**WHAT IS NEEDED**
Using only the entries below, output the lines starting at the one containing "7thバスラ,高山一実,光合" and ending at the one containing "Inter Media House", exactly and inclusive of both, omitting the pictures.

**INPUT FOR THIS TASK**
____
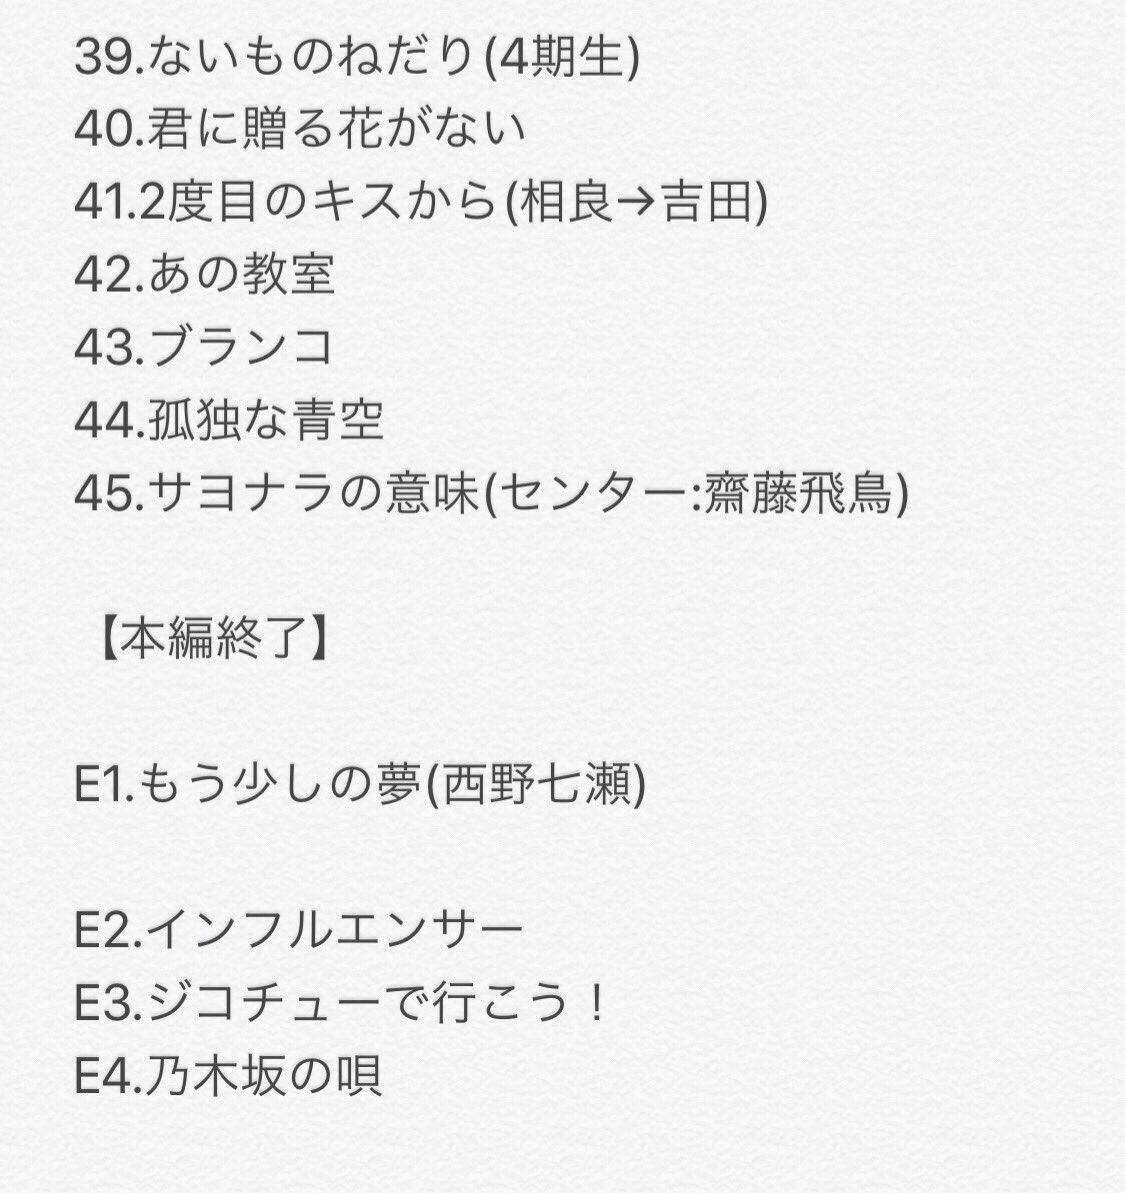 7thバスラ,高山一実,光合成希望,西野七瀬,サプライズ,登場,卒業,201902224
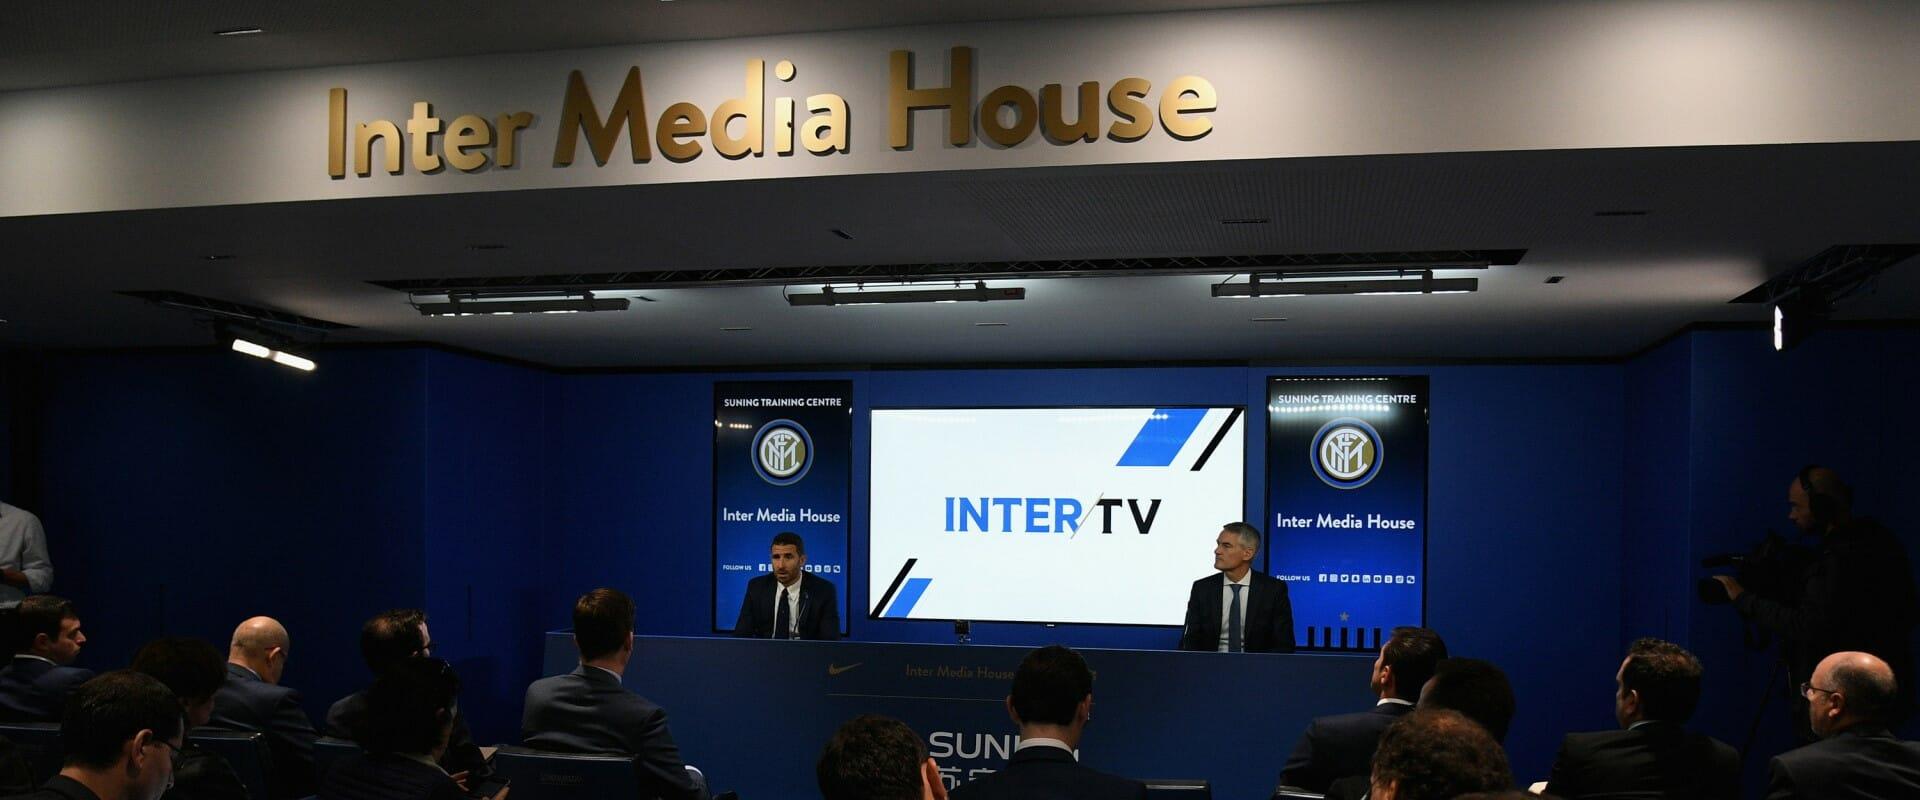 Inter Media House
____
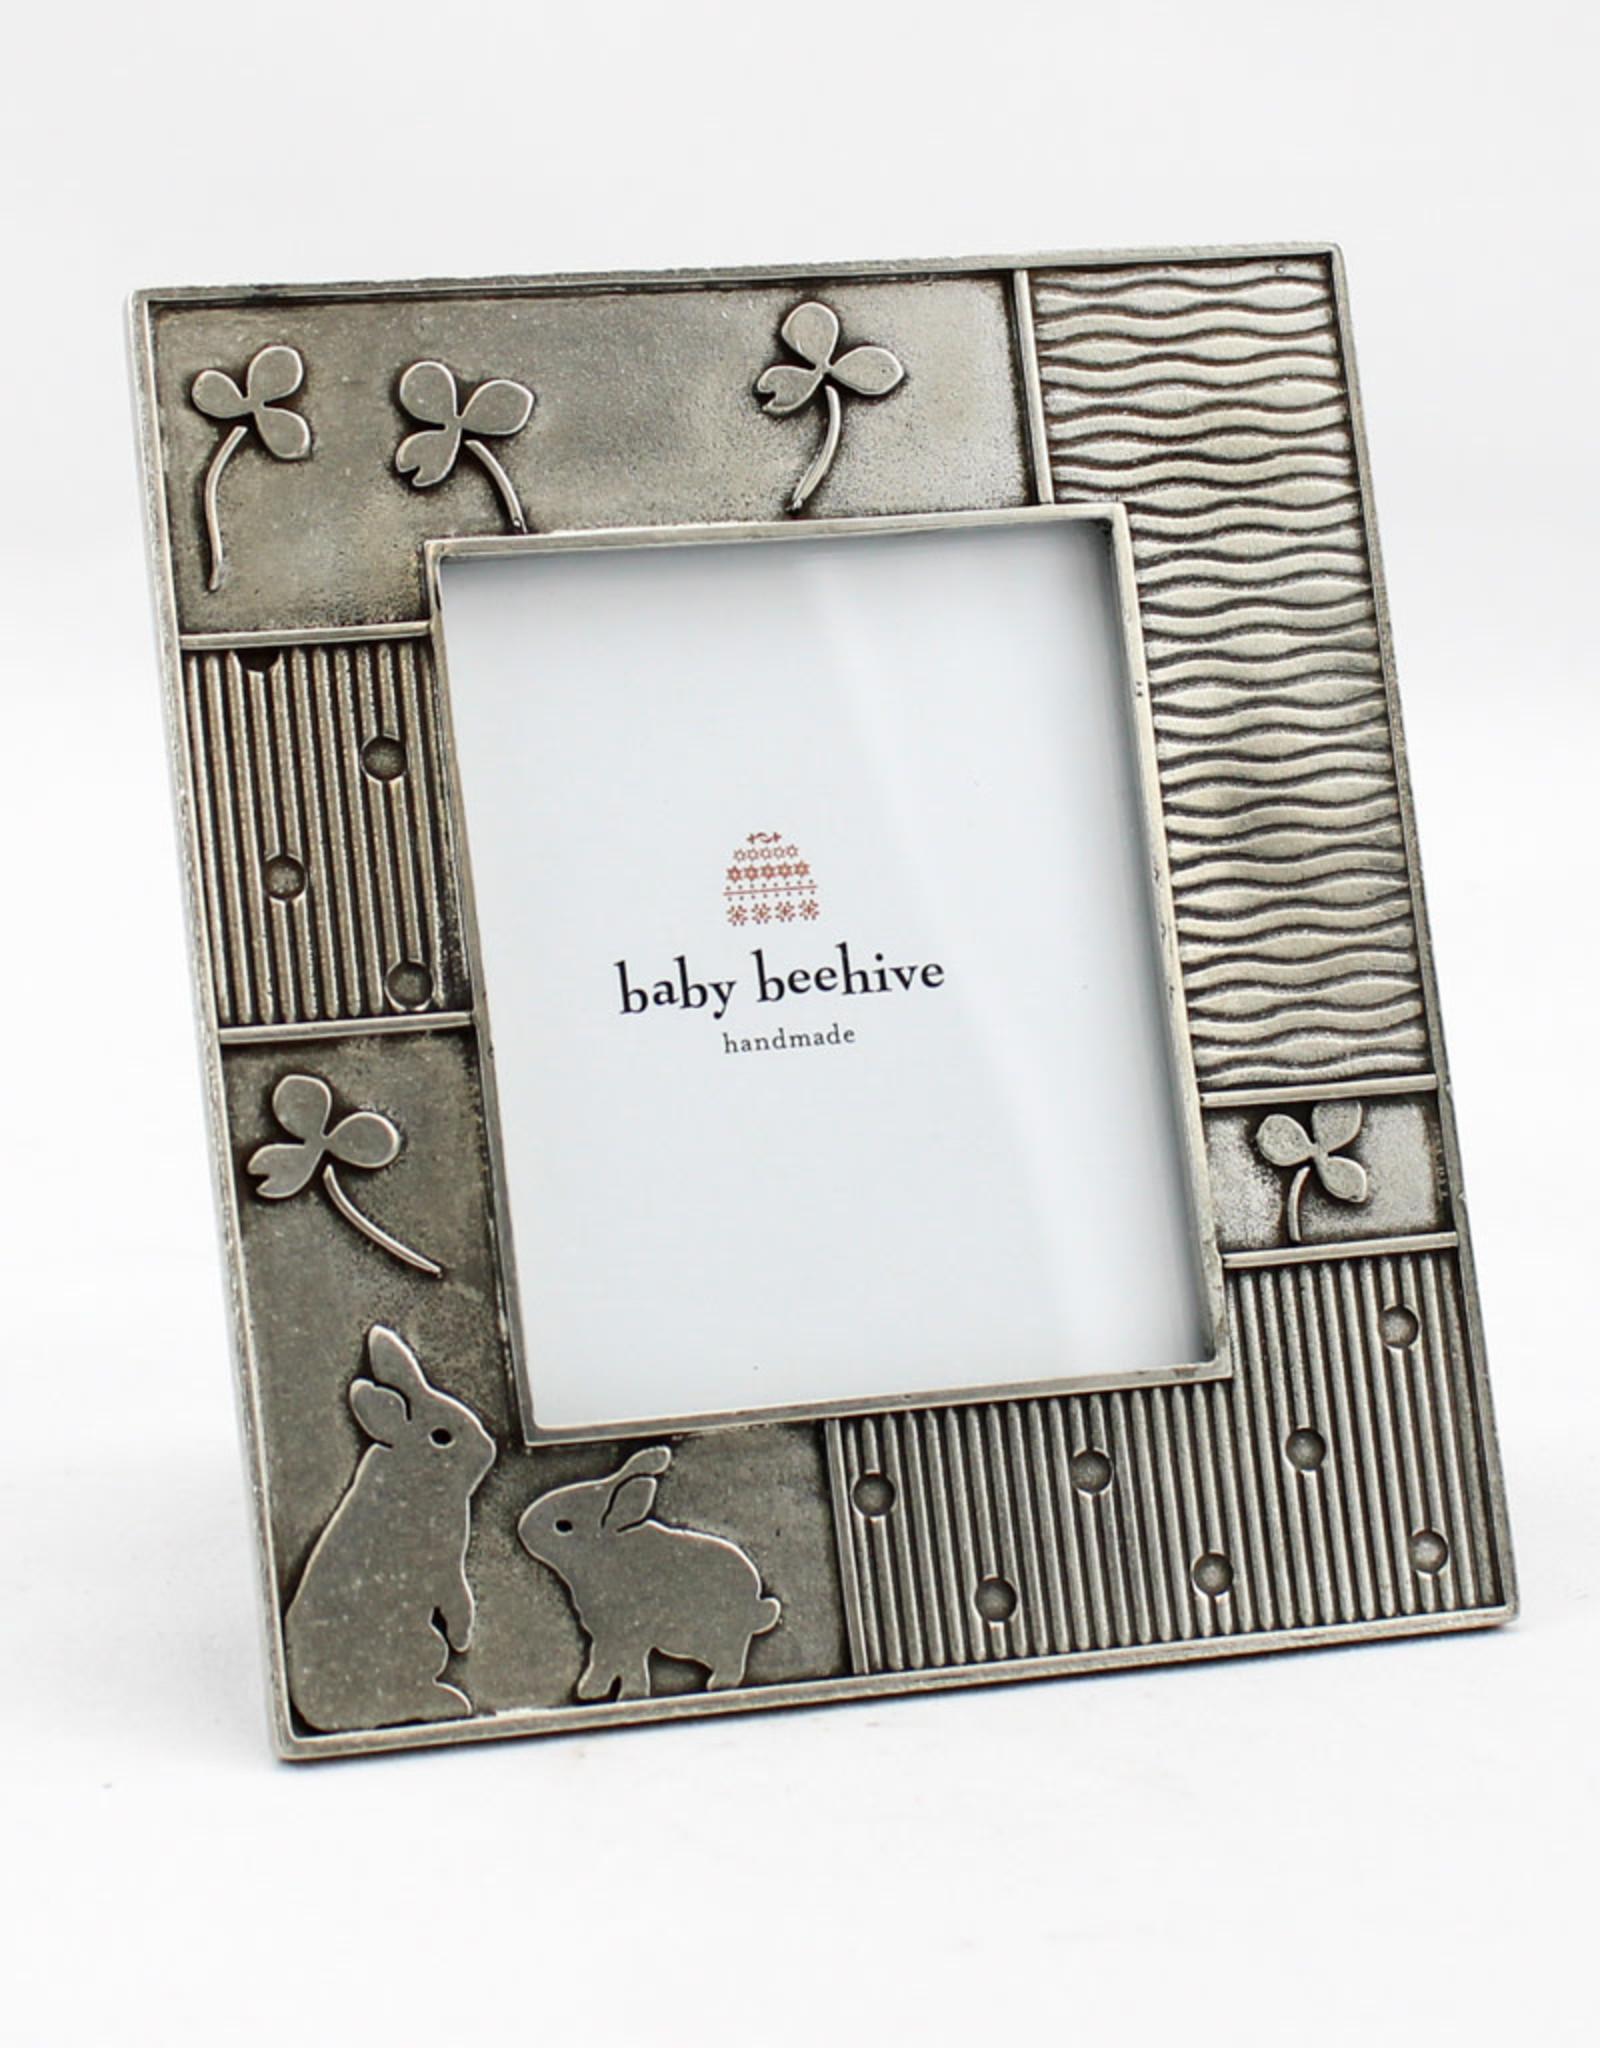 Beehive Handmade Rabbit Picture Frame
____
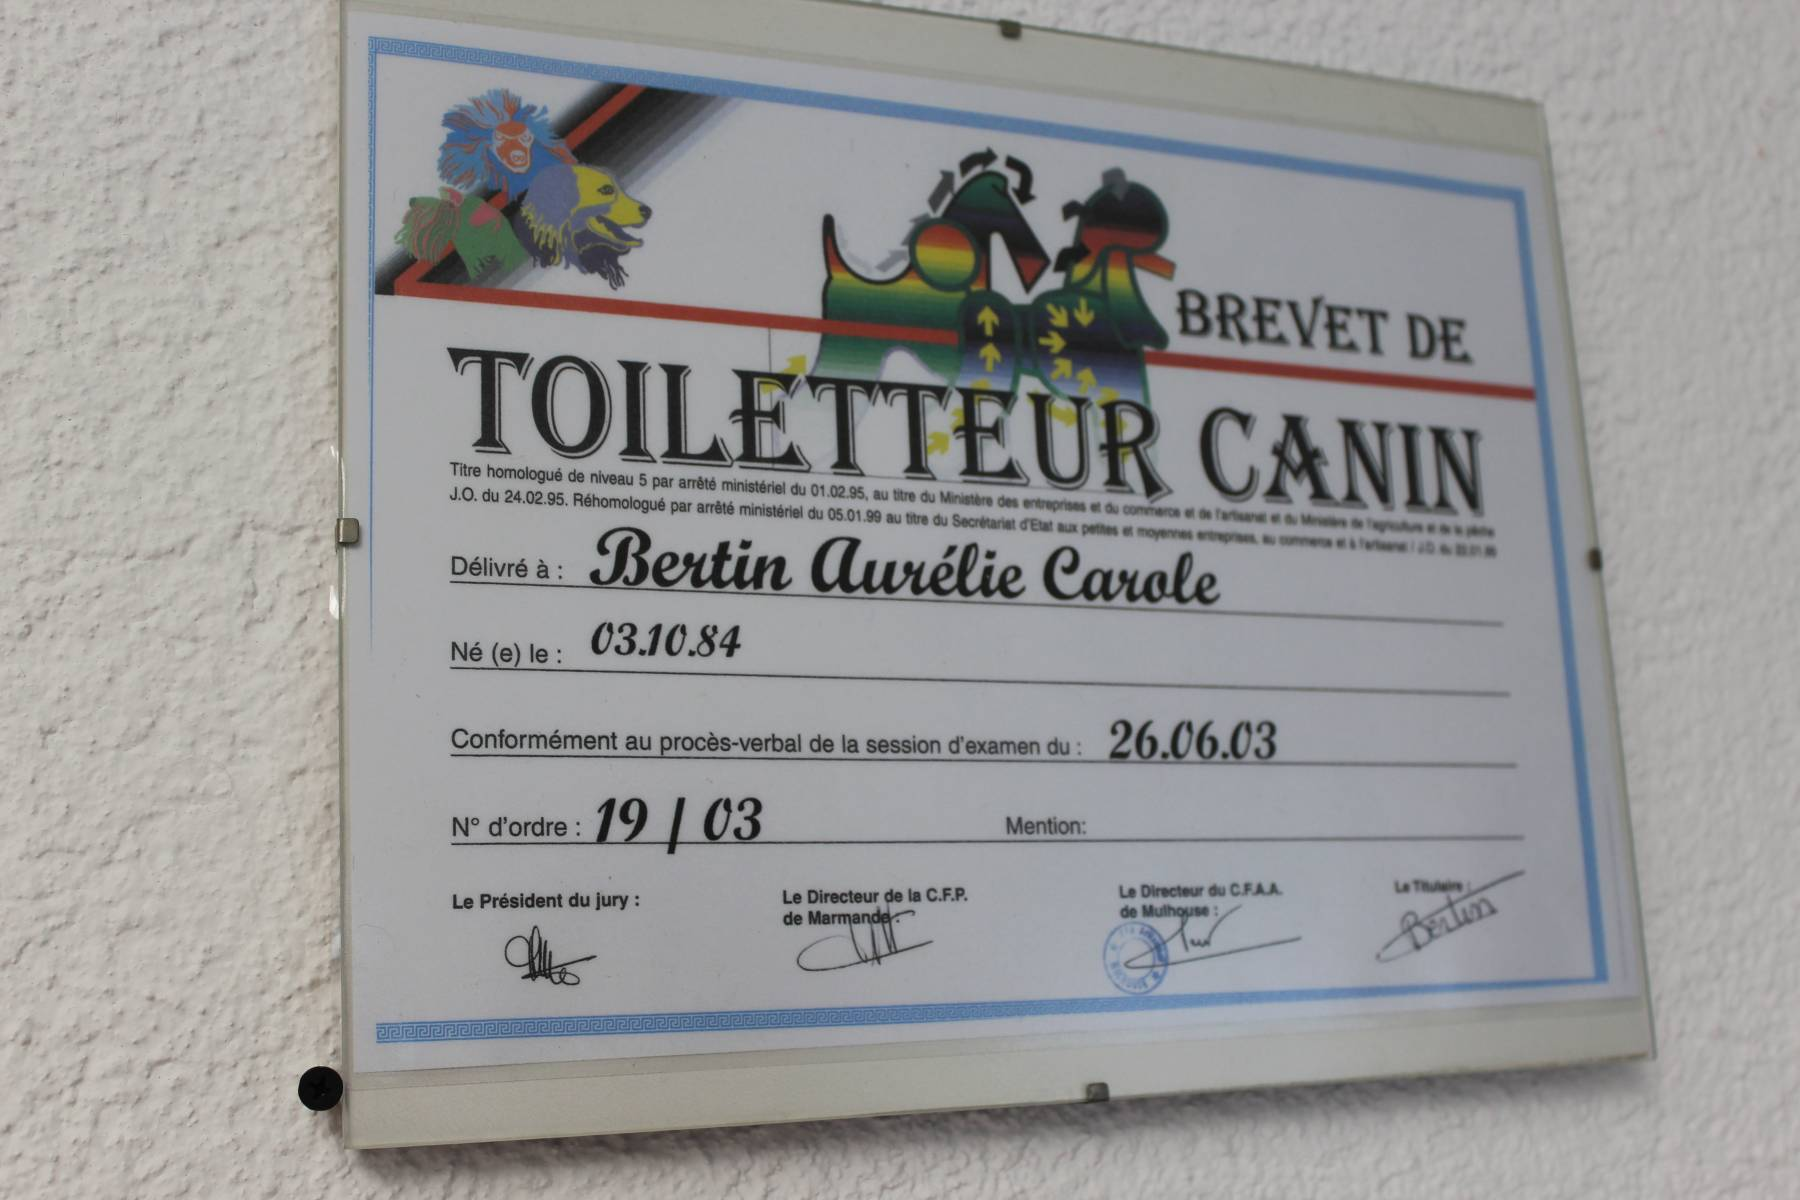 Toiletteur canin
____
**EXERCISE SOLUTION**
 7thバスラ,高山一実,光合成希望,西野七瀬,サプライズ,登場,卒業,201902224
 Inter Media House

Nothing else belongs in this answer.